I noticed a similar trend. While the approach is promising for tapping into the power of foundation vision models for few-shot learning, it fails to provide good performance at scale for satellite imagery. I didn’t bother calculating any formal statistics, but you can see for yourself the quality of the classifications below:

Click for full size

(Click to download full resolution) The green boxes are the novel detections (excavators) and blue boxes are classified as one of the base classes. NOTE: the few-shot adaptation did not affect the region proposal network, which was taken from a Faster RCNN model trained on xView, so the bounding box proposals themselves are not part of this evaluation. If you review the contents of the green boxes, however, you will find a low classification accuracy for the excavator class.

Conclusion

This project demonstrates some potential improvements for zero-shot object detection in overhead imagery. Given the results, I cannot recommend the approach without additional changes.

Code for this project can be found at https://github.com/dlfelps/devit-xview.

CLAUDE PROTIPS

In the last few blog posts I provided examples where CLAUDE needed extra guidance. I thought I would do something different in this post.
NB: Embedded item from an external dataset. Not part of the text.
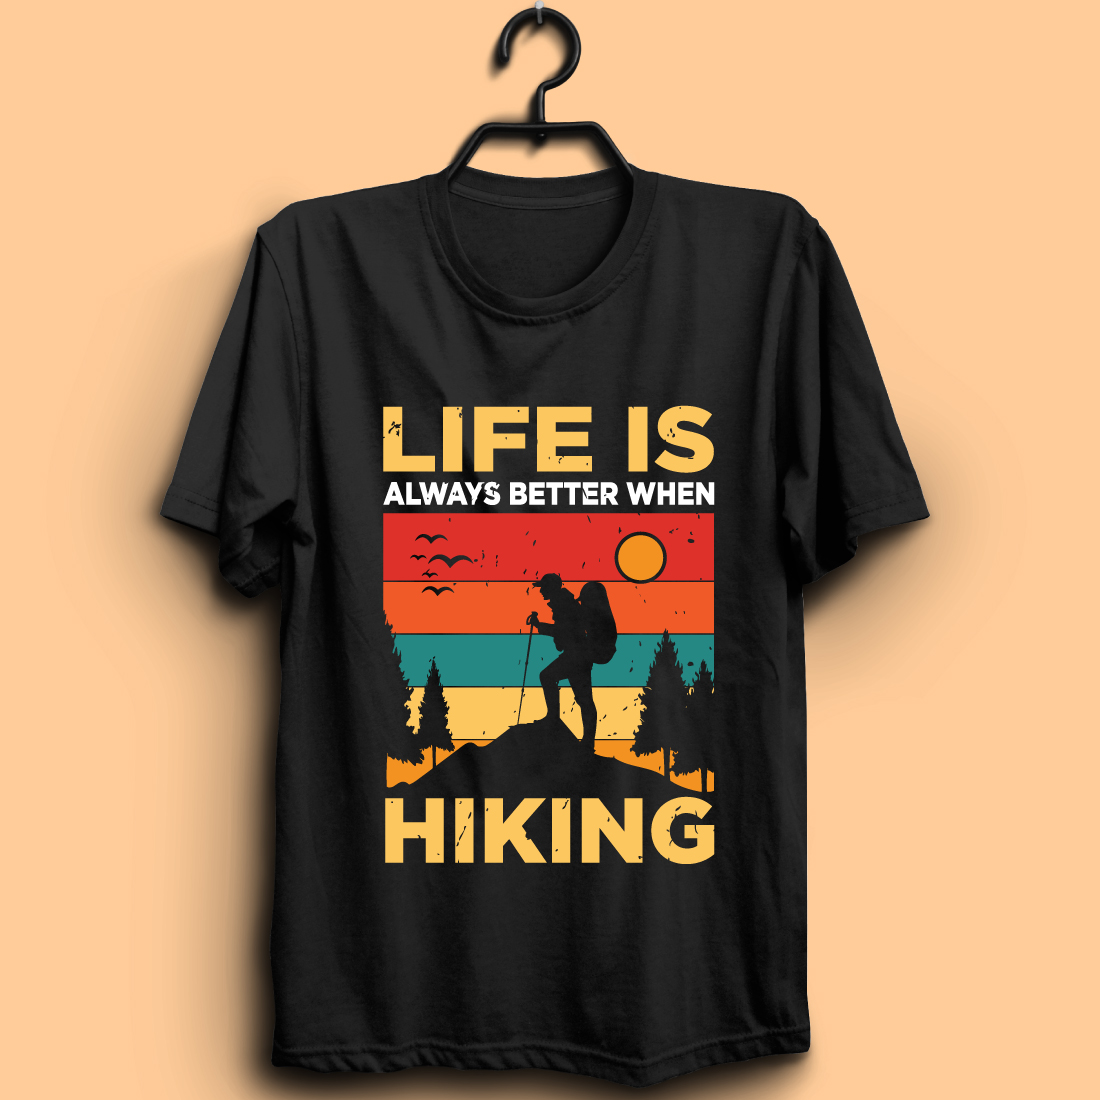 hiking t shirt design02 80

  1. PROTIP #1: When working in complex code bases (such as a research level machine learning project), work in small measured steps.
  2. PROTIP #2: After using CLAUDE to implement a new feature (or in this case replace an existing module with something else), ask CLAUDE to write a simple script to demonstrate/test the new feature. Optional: treat this as a temporary test - you don’t have to add it to git.
  3. PROTIP #3: If there is a problem that “feels small” and I think I have a good idea how to fix it, I just give CLAUDE the error and CLAUDE will usually fix it.
  4. PROTIP #4: If there is a problem that “feels big” and I don’t understand it or know how to fix it, I ask CLAUDE to write a debugging script to log values up to the point at which the error occurs. Then I review the output. Next I ask CLAUDE to fix the problem and then run the debugging script again. If all goes well and values make sense I rerun the original code.